Action item: Exclude the pictures; give every entry again exactly as written.

Data excerpts:
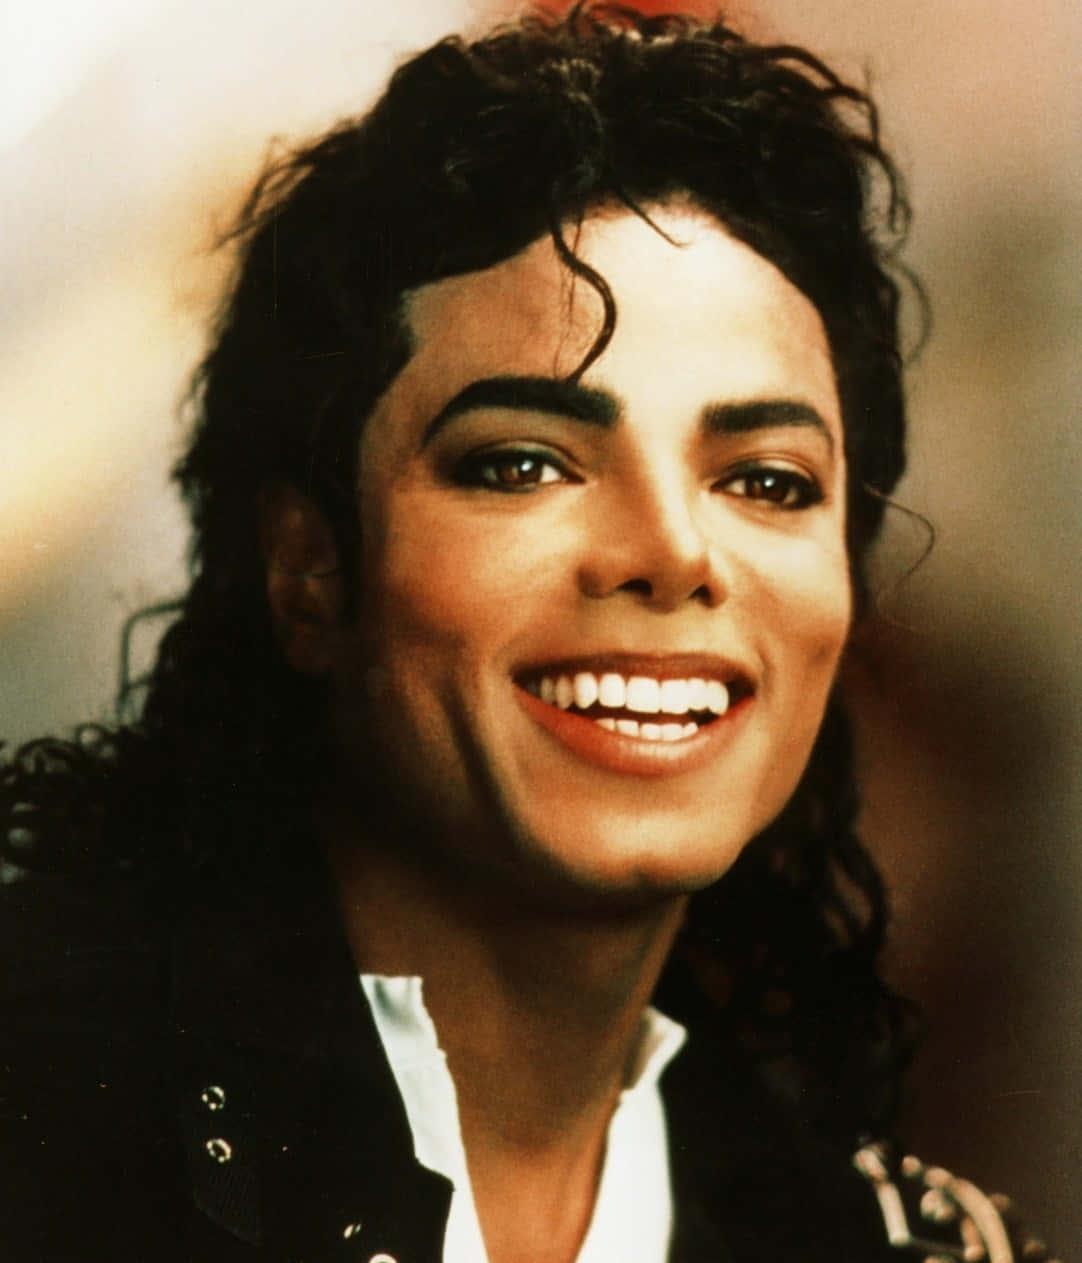 Billeder af Michael Jackson vil få dig til at smile.
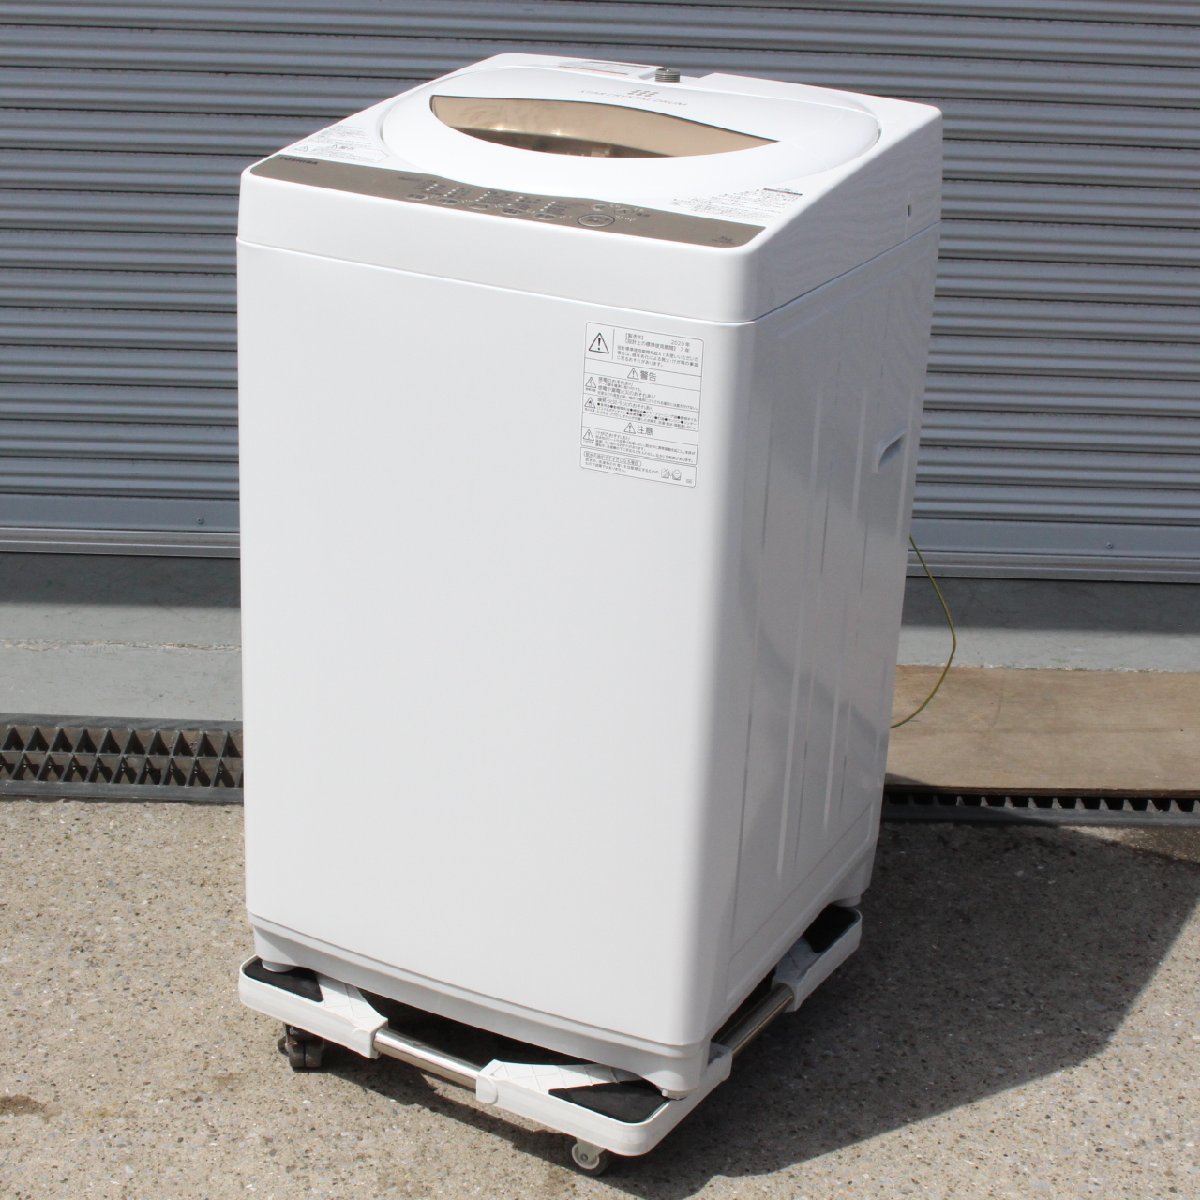 横浜市港北区にて 東芝 全自動洗濯機 AW-5G8 2020年製 を出張買取させて頂きました。
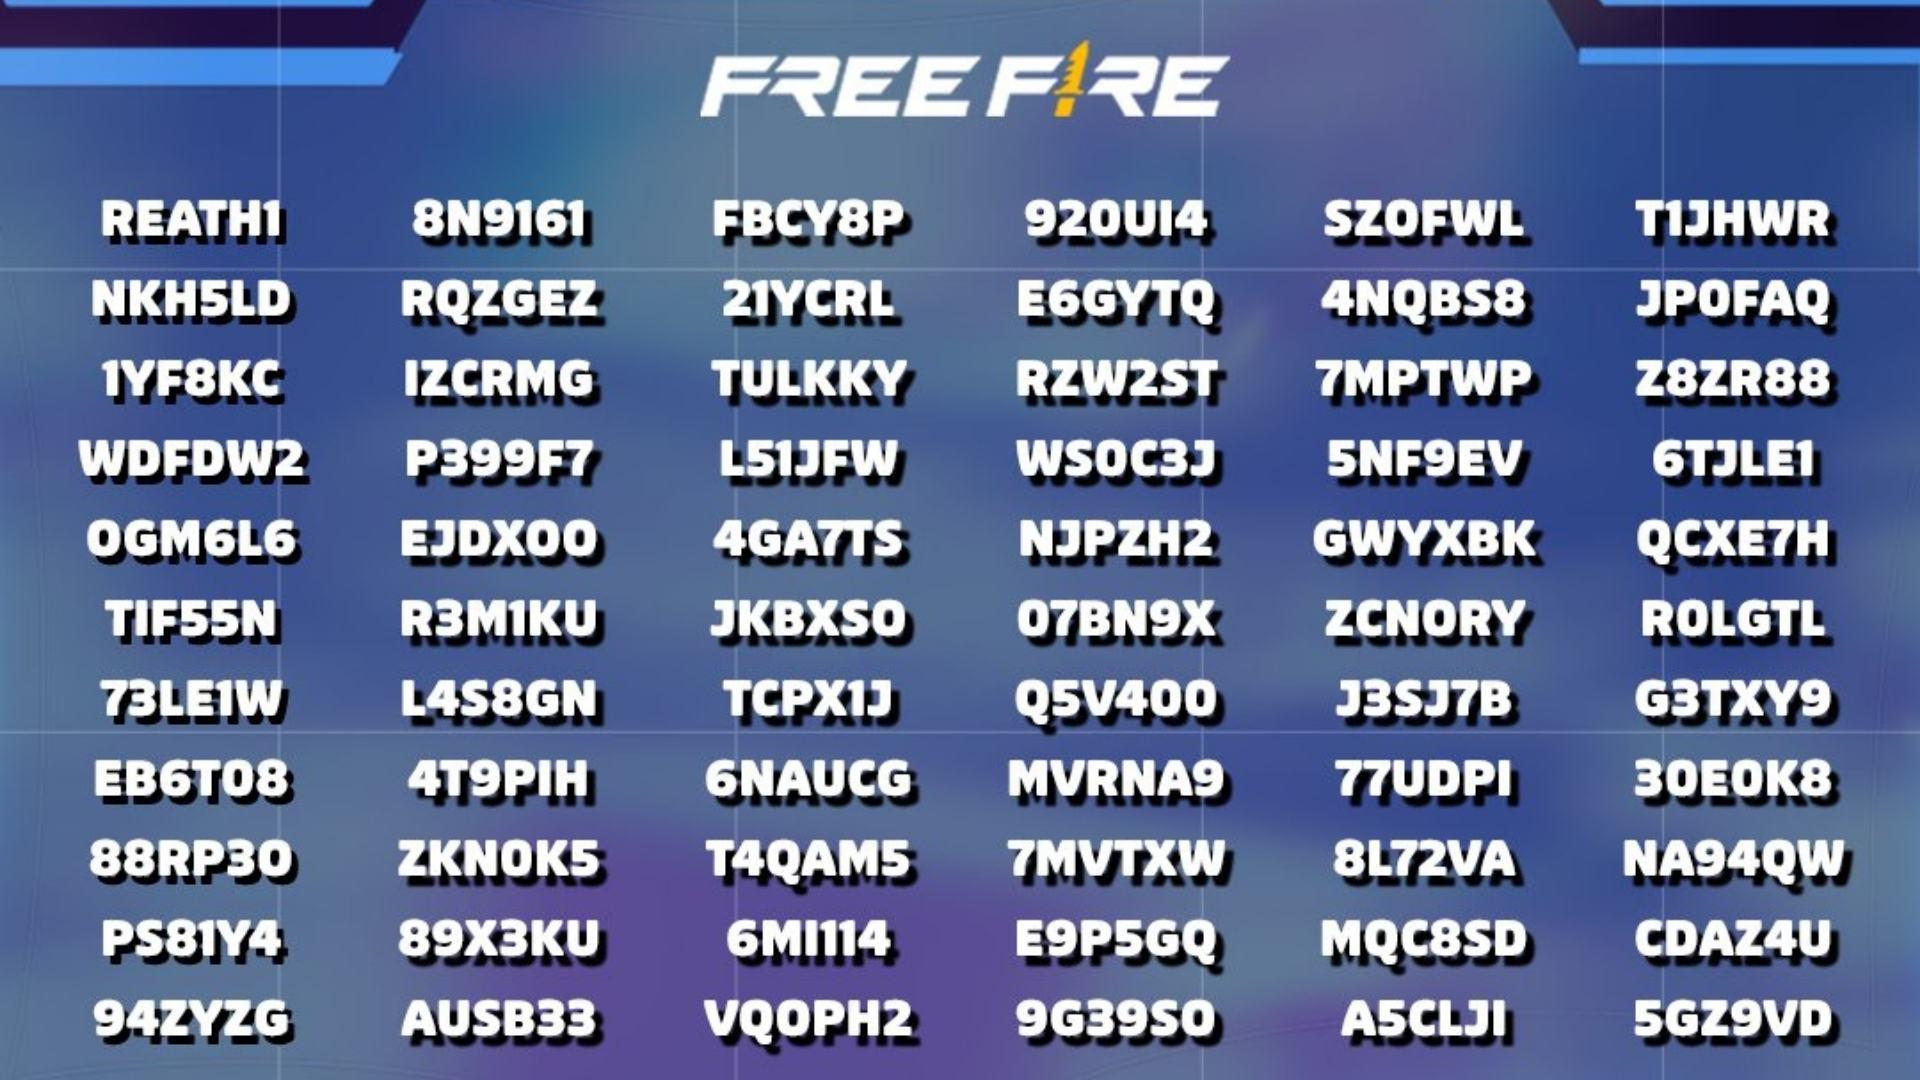 Códigos do Garena Free Fire - skins grátis e muito mais
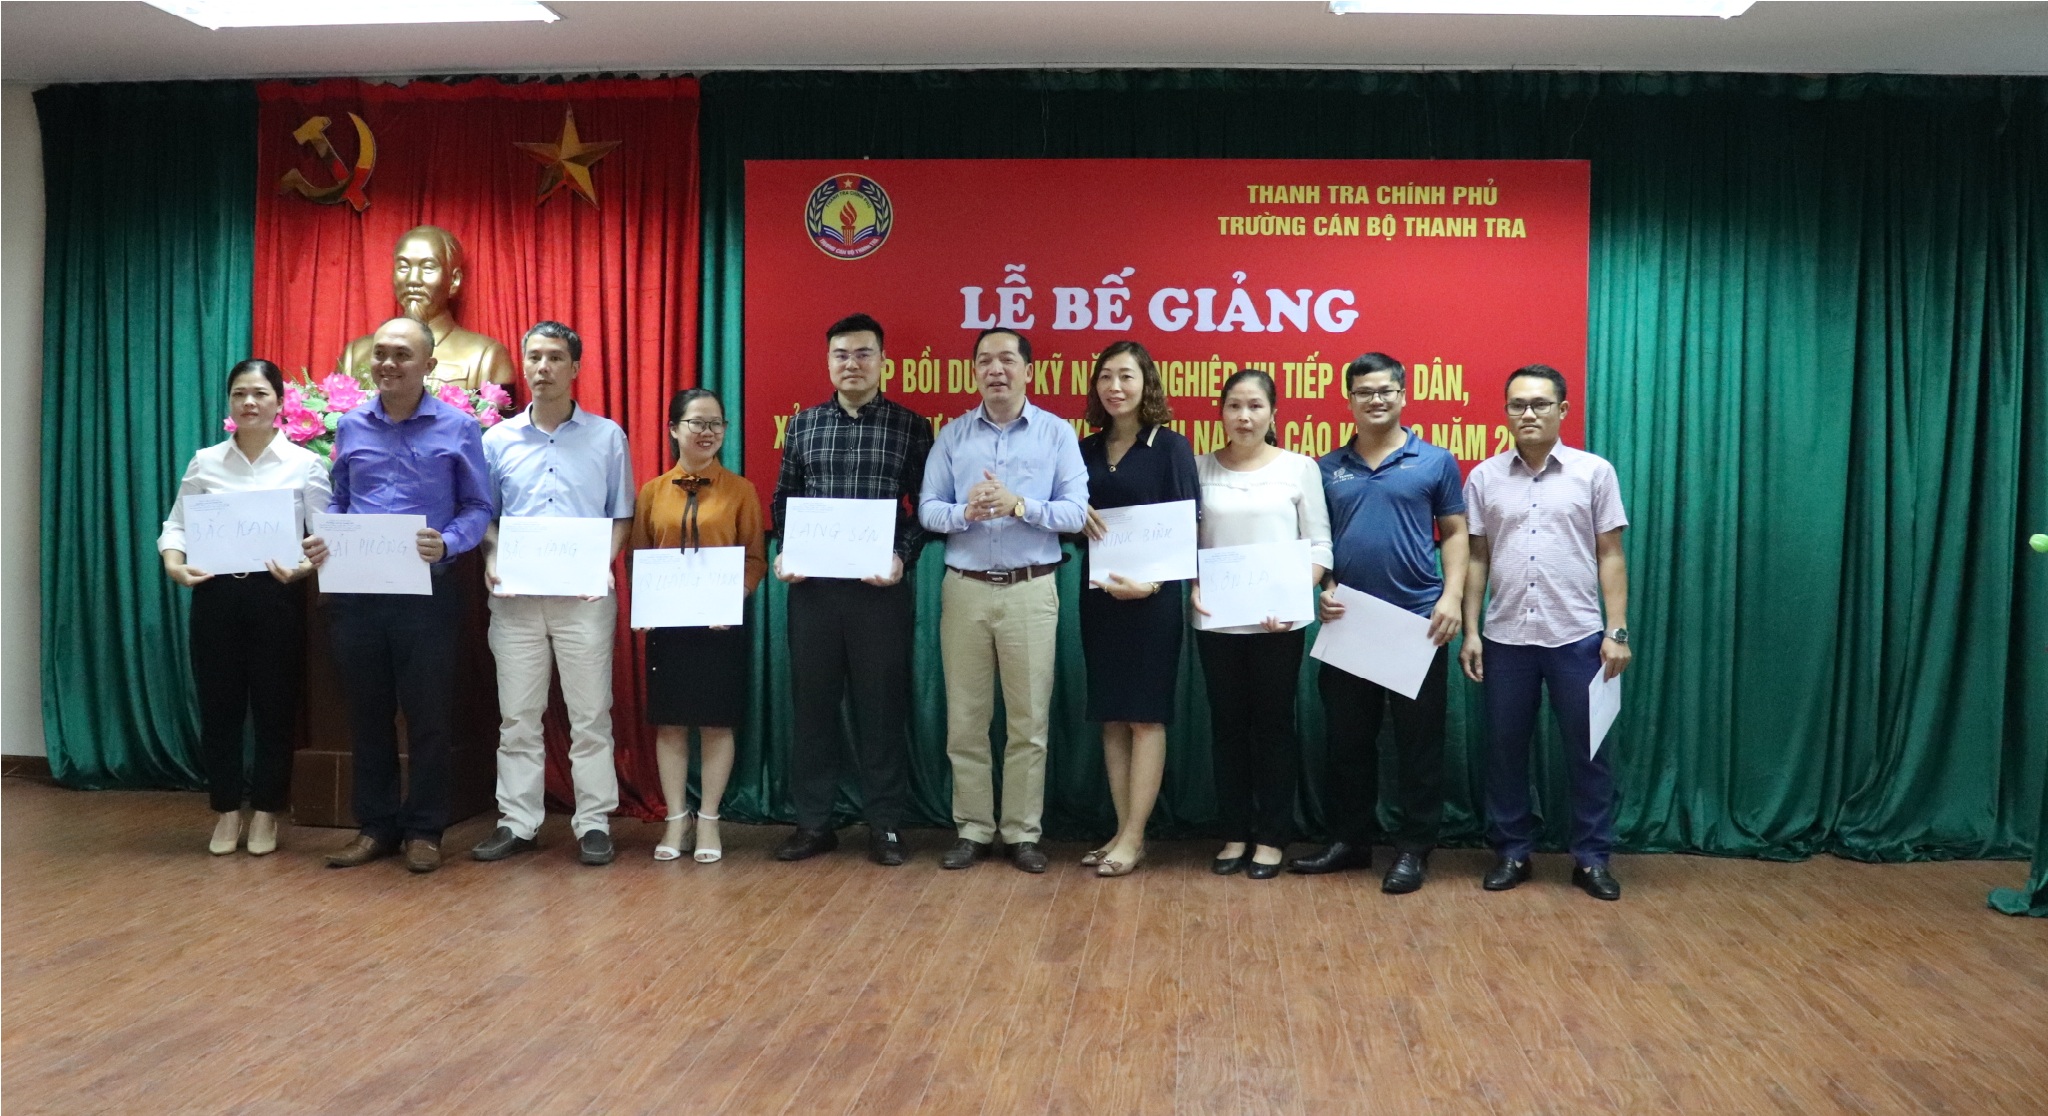 TS Nguyễn Huy Hoàng TTVCC Phó Hiệu trưởng trg CBTT trao chứng nhận cho học viên
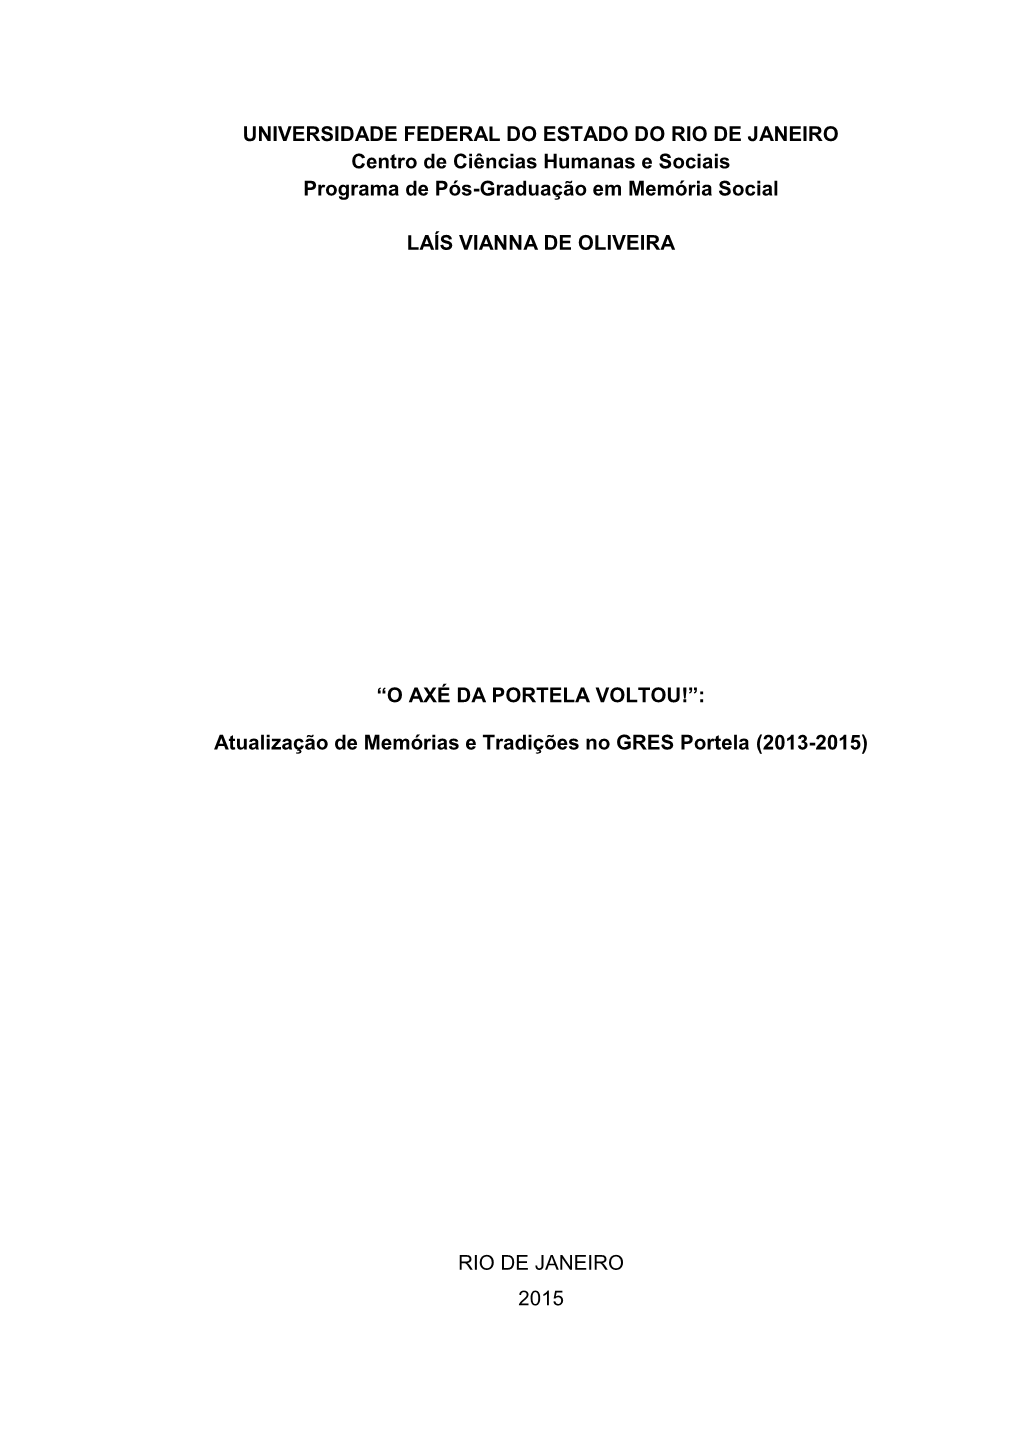 Atualização De Memórias E Tradições No GRES Portela (2013-2015)

Completed exercise:
 Billeder af Michael Jackson vil få dig til at smile.
 横浜市港北区にて 東芝 全自動洗濯機 AW-5G8 2020年製 を出張買取させて頂きました。
 Códigos do Garena Free Fire - skins grátis e muito mais
 TS Nguyễn Huy Hoàng TTVCC Phó Hiệu trưởng trg CBTT trao chứng nhận cho học viên
 Atualização De Memórias E Tradições No GRES Portela (2013-2015)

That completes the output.